# Can't upload?



## demeryt (Oct 12, 2006)

Hi there,

first of all, thanks for all help. My problem is - I can't upload anything (eg. photos to servers like photobucket, imageshack.us, rapidshare.de, etc), it freezes saying "uploading". Files are small. I tried switching off the firewall. I have no problems uploading through p2p clients though.
Do I need to forward some ports in my router to upload files via such browser-activated services? Do they use another port? Any experience sharing appreciated


----------



## johnwill (Sep 26, 2002)

There is no port forwarding required. That's a pretty weird issue, I'll do some looking around...


----------



## demeryt (Oct 12, 2006)

Thanks John, I'm really getting devastated here. On rapidshare it goes like this: I hit "Upload" and there's this progress bar showing also the connection speed.
Usually it starts at 2-5 kB/s and uploads up to 10% and then it gradually slows down to like 0.03 kB/s and virtually stops uploading, I've once waited twenty minutes and it was just slowly dropping to 0.01 kB/s. So there is connection, but something must be slowing it down.

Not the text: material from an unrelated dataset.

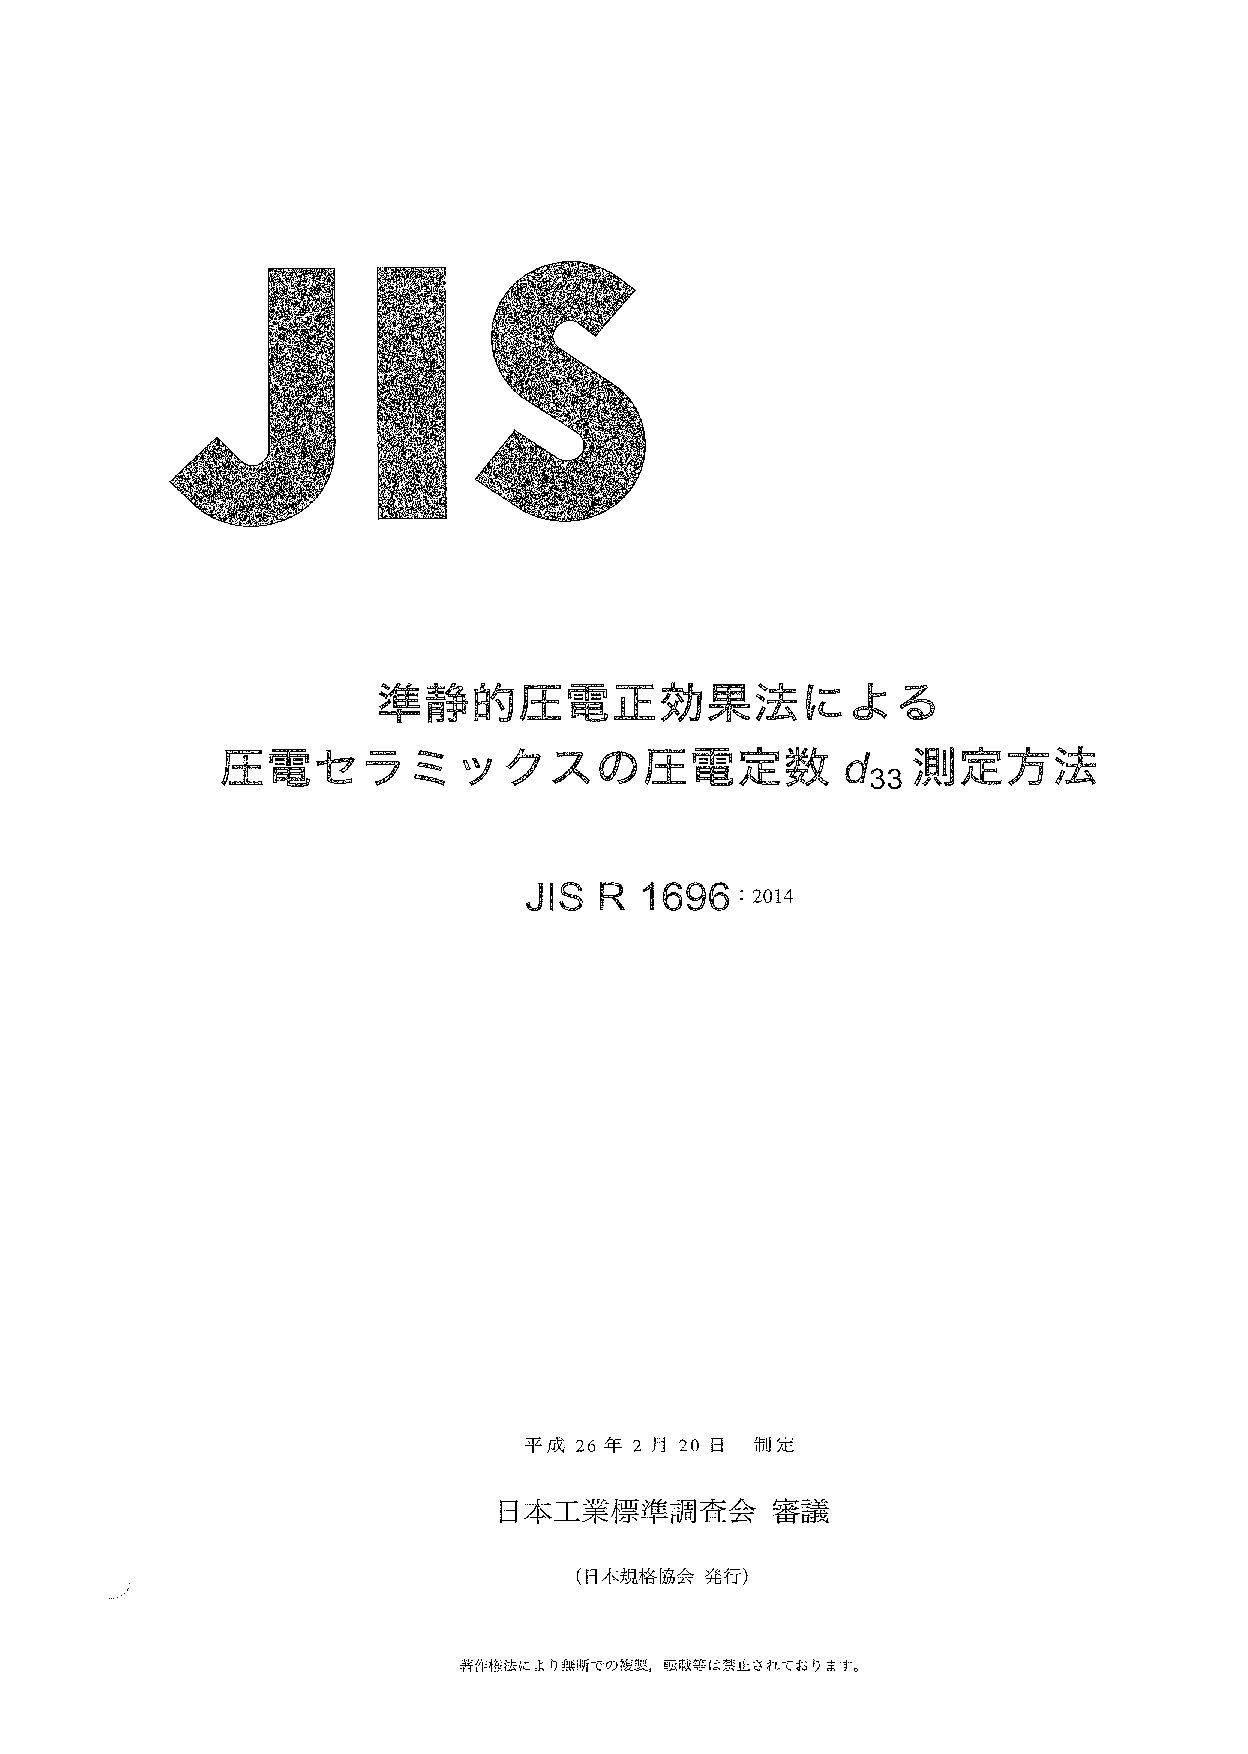 JIS R 1696:2014封面图

There is also an internal firewall in the router, I tried to switch it off too. But it seems like something's wrong on my side of the cable, is there a way I can find out what it is?


----------



## johnwill (Sep 26, 2002)

Try connecting directly to the modem and see if the issue remains. Also, do you have more than one computer on the router? Does it happen with all of them?


----------



## Karl78 (Oct 16, 2006)

Hi there....I'm no expert but I had a similar problem whereby I could not access sites such as MSN.com (got the blue bar of death). Belkin provided the solution which was related to the 'MTU' settings.

Although the correct MTU setting was entered into the router, it was not set in the individual computers networking cards. Updating these MTU's to the same figure as in the router resolved the problem.

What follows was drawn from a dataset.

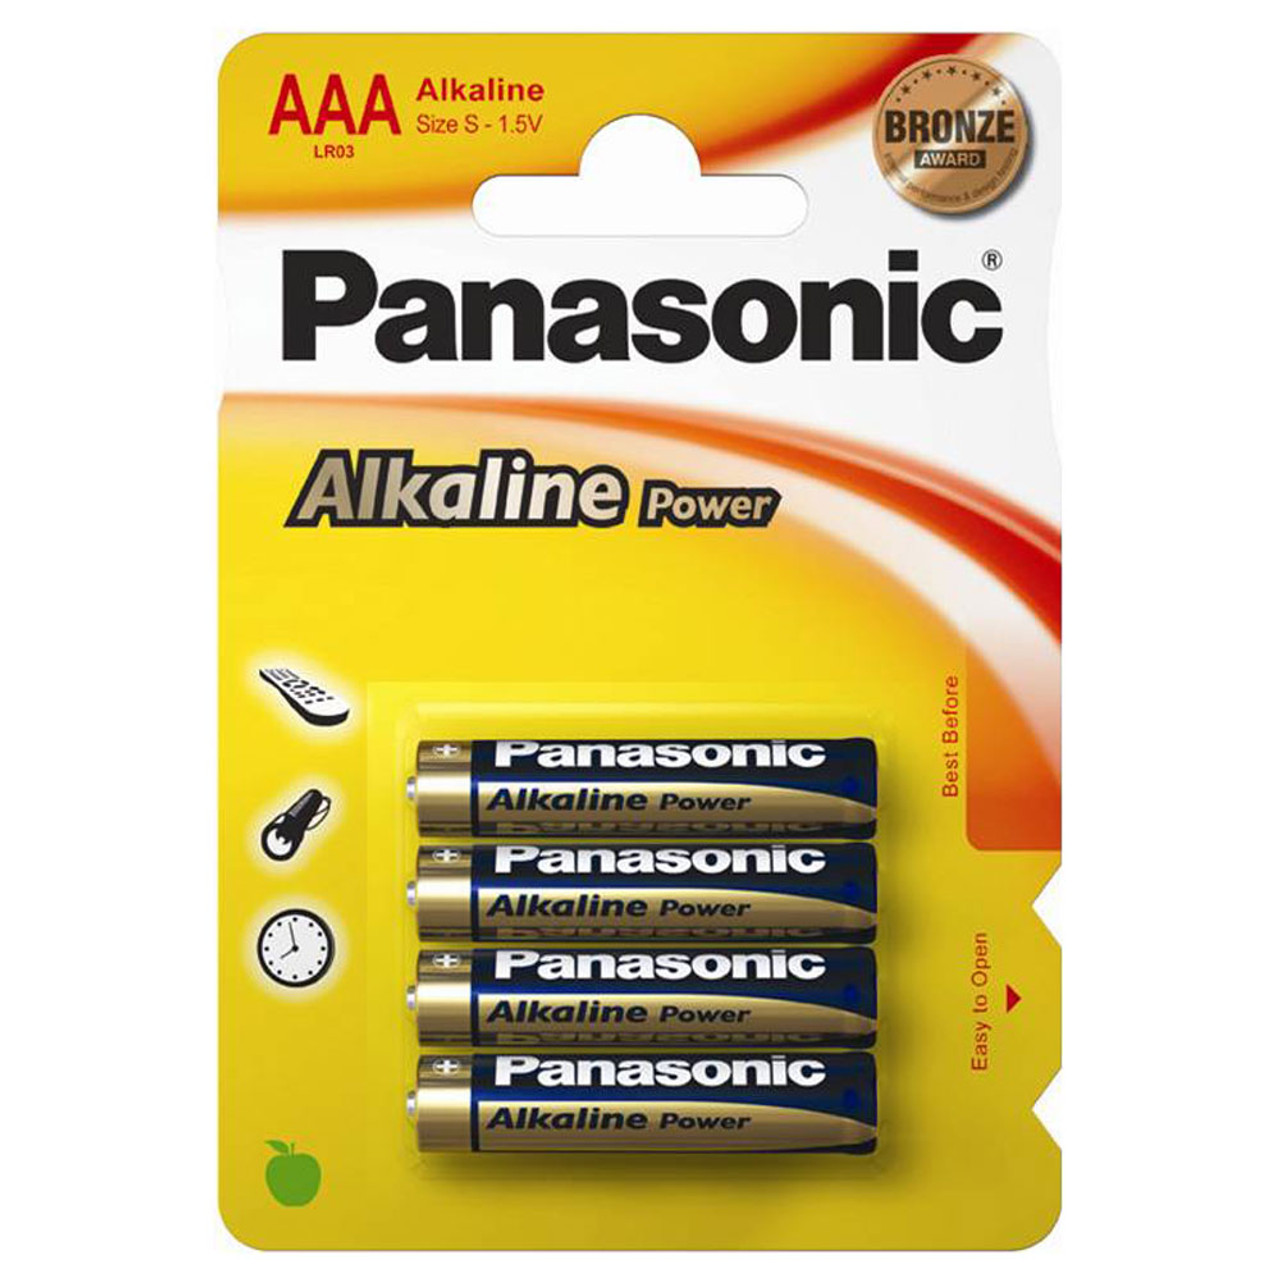 Panasonic Pro Power AAA LR03 Batteries

A site named Dr TCP provided a simple downloaded utility to perform this action:

The third party Dr. TCP software can be used to change the MTU setting. This can be downloaded from http://www.dslreports.com/drtcp <http://www.dslreports.com/drtcp> 

- Unzip the Utility to your desktop. 
- Run the utility. 
- In the Adapter Settings pull down, select the Ethernet driver and 
adapter used to connect with the network. 
- In the MTU box, type the MTU size as 1400 (or as currently set in your router). 
- Click in any other box, without changing the data there. 
- Click Apply. 
- Click Exit. 

Hope this helps??


----------



## demeryt (Oct 12, 2006)

@ johnwill
"Try connecting directly to the modem and see if the issue remains."

I can't do that, unfortunatelly.

"Also, do you have more than one computer on the router? Does it happen with all of them?"

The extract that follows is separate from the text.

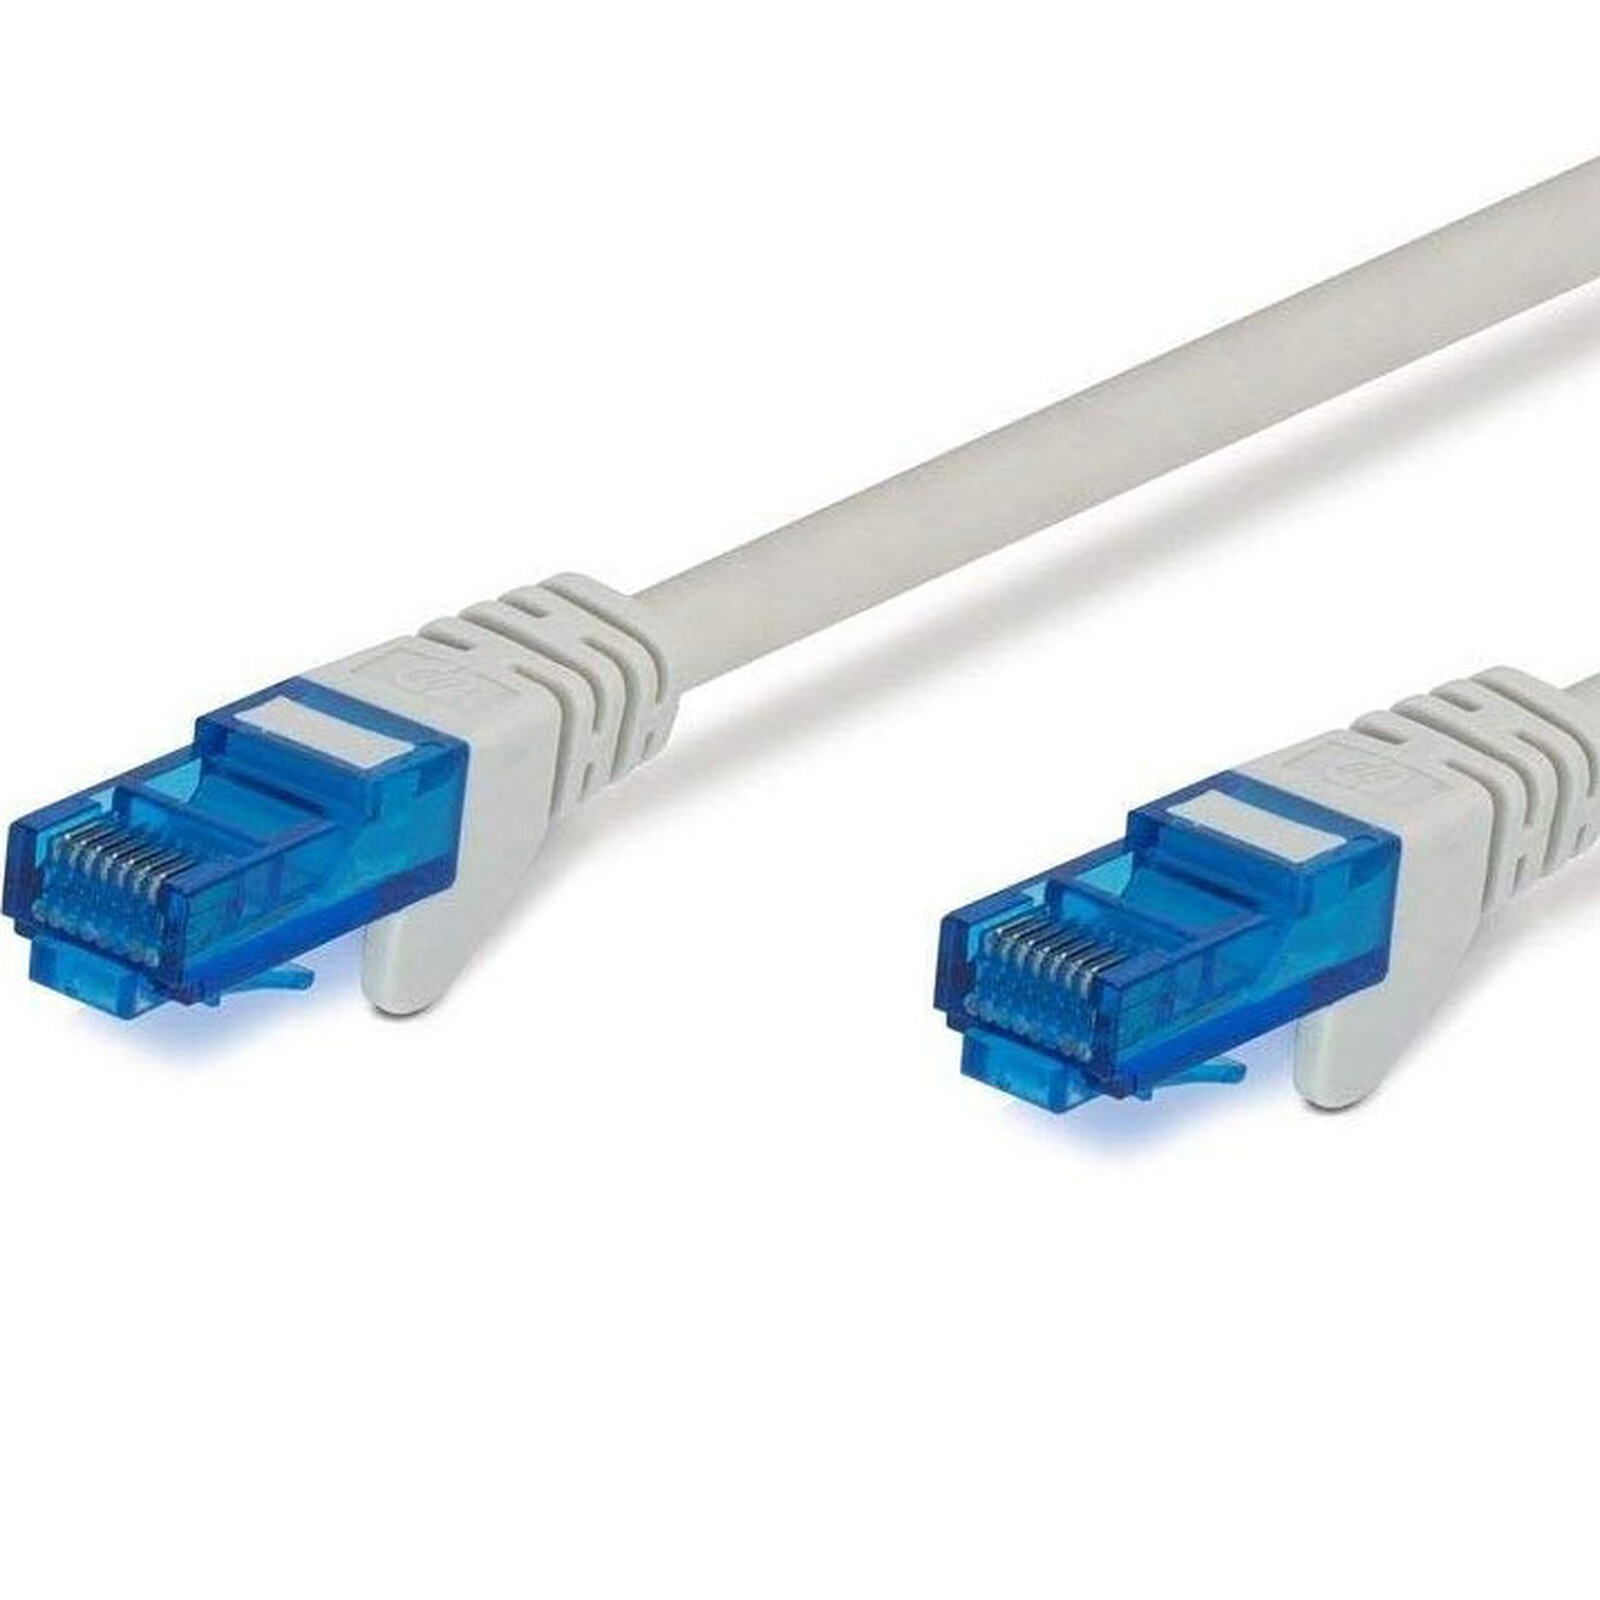 Câble RJ45 catégorie 6 F/UTP 3 m (Beige) - Câble RJ45 - Garantie 3 ans LDLC

Only one now, but I recemtly moved it to another room so now it's connected through a different wire, but that shouldn't be an issue.

@Karl78
"Hi there....I'm no expert but I had a similar problem whereby I could not access sites such as MSN.com (got the blue bar of death). Belkin provided the solution which was related to the 'MTU' settings.

Although the correct MTU setting was entered into the router, it was not set in the individual computers networking cards. Updating these MTU's to the same figure as in the router resolved the problem. (...)"

I did as you suggested, sadly it didn't help. Still the upload speed drops back to zero (if the file is ultra-small, like 15 KB it manages to upload itself before the speed drops). What kind of problem produces this kind of result???


----------



## johnwill (Sep 26, 2002)

Why can't you connect directly to the modem?


----------